There’s a scarcity of jobs compared with the number of applicants, and very few high-ranking and ‘big impact’ journals. This means that the research decisions that scientists make, particularly early on, are high-risk wagers about what will be fruitful and lead to a decent career. The road to academic stardom (and, for that matter, academic mediocrity) is littered with brilliant, passionate people who simply made bad bets. In such an environment, researchers are bound to be conservative – with the stakes set so high, taking a punt on something outlandish, and that you know is likely to hurt your career, is not a winning move.

The resulting mediocrity shows.

The biologist Barbara McClintock devoted enormous effort and paid a very high price for her path-breaking research into so-called ‘jumping genes’ in the mid-20th century.

The response from the scientific community was initially hostile – not to the basic phenomenon McClintock had discovered, but to the complex, interwoven picture of biological systems that she developed on the back of the discovery. For 20 years, McClintock was forced to switch gears completely and work on the study of maize.
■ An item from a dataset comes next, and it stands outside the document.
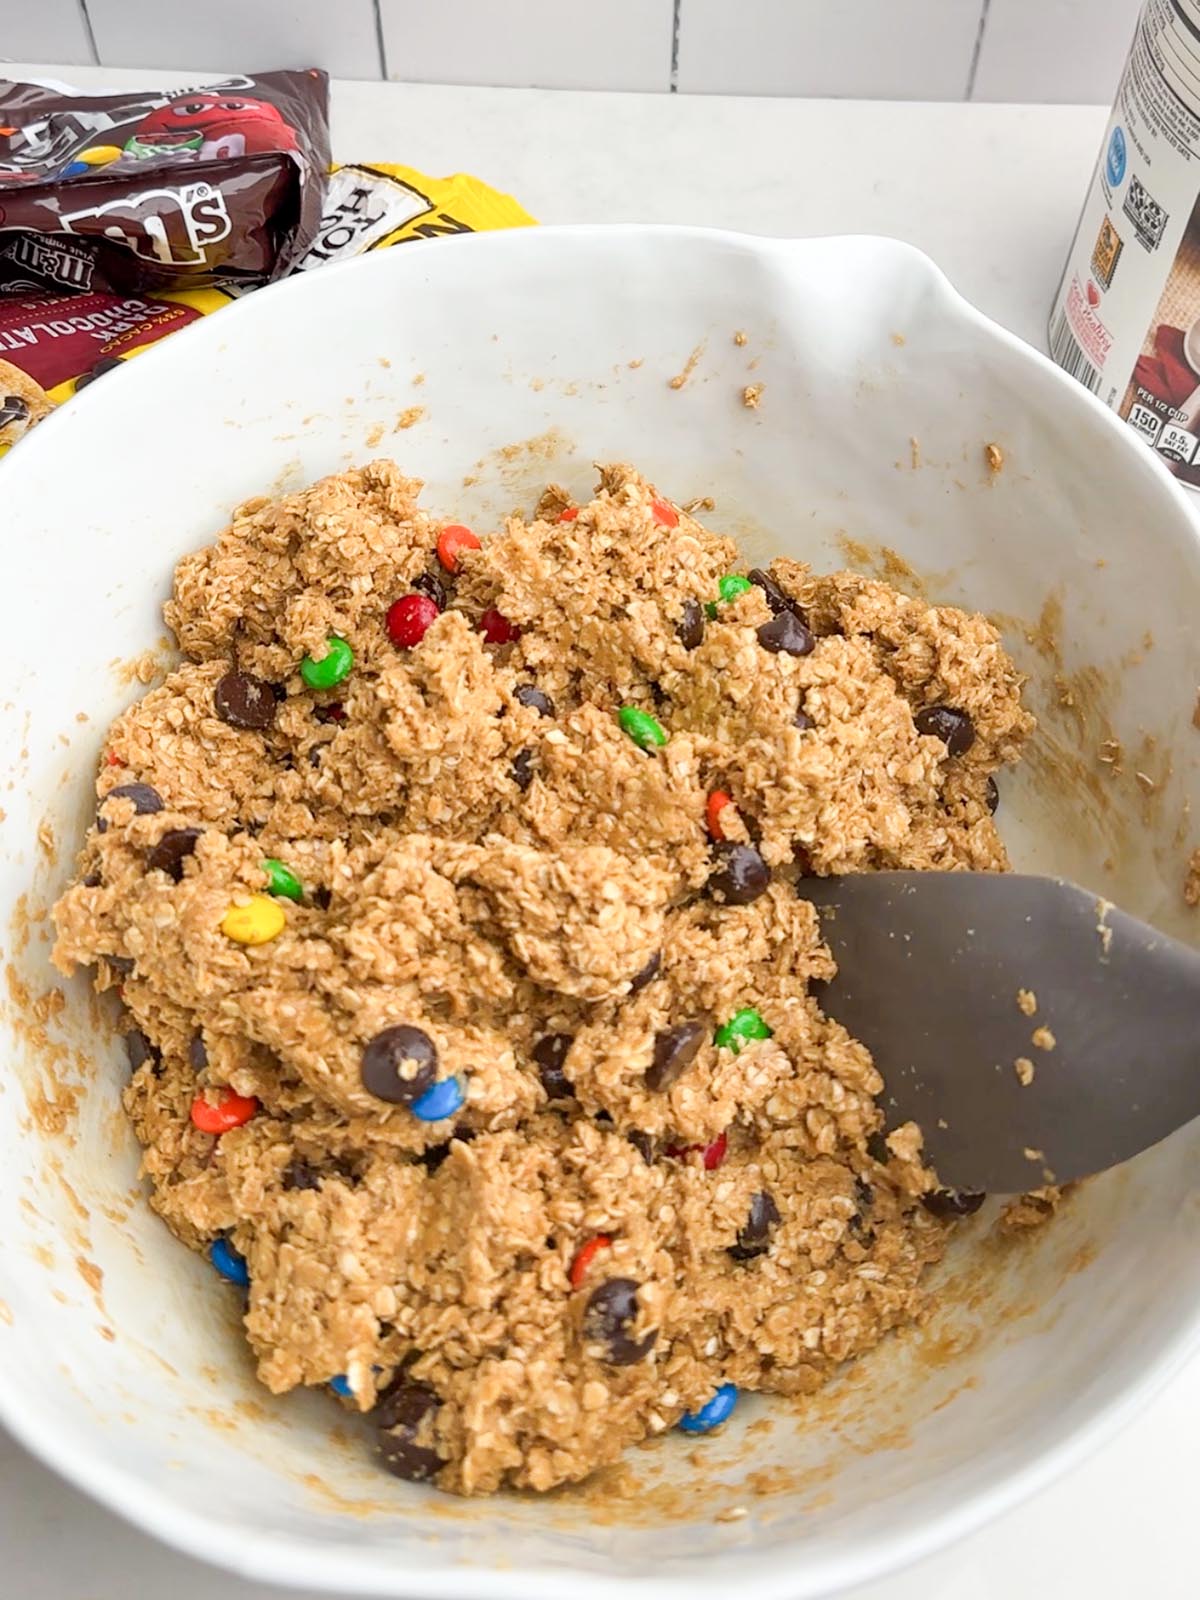 Monster cookie dough with oats, M&Ms, and chocolate chips in a white mixing bowl.

It wasn’t until the 1970s that her peers came around, and she was duly awarded the Nobel Prize in 1983. ‘One must await the right time for conceptual change,’ she wrote in a shoulder-shrugging letter to a fellow geneticist in 1973.

Mediocrities’ most valuable bureaucratic skill, besides enforcing orthodoxy, is wasting other people’s time. We all grow old, we all die, they figure, so let time cart out the good ideas that never had a chance… while we retire in comfort, where all shall have prizes.

This part is an alarmingly bad direction:

There’s also a worry about the kind of mavericks we’re listening to. Most of those floating around today are wealthy, white and male. That’s not surprising: to be a successful maverick, chances are you’re already pretty privileged. Why? Well, you need a sense of entitlement and the confidence to take on the mainstream. More.

Ah! Class, ethnicity, and sex are a reason to avoid new ideas? A person who thinks that has abandoned science anyway for the endless solace of grievance identity politics. But then marchin’, marchin’ may be good for their personal health, if nothing else.

Science can be productive as science or else as identity politics. One must choose.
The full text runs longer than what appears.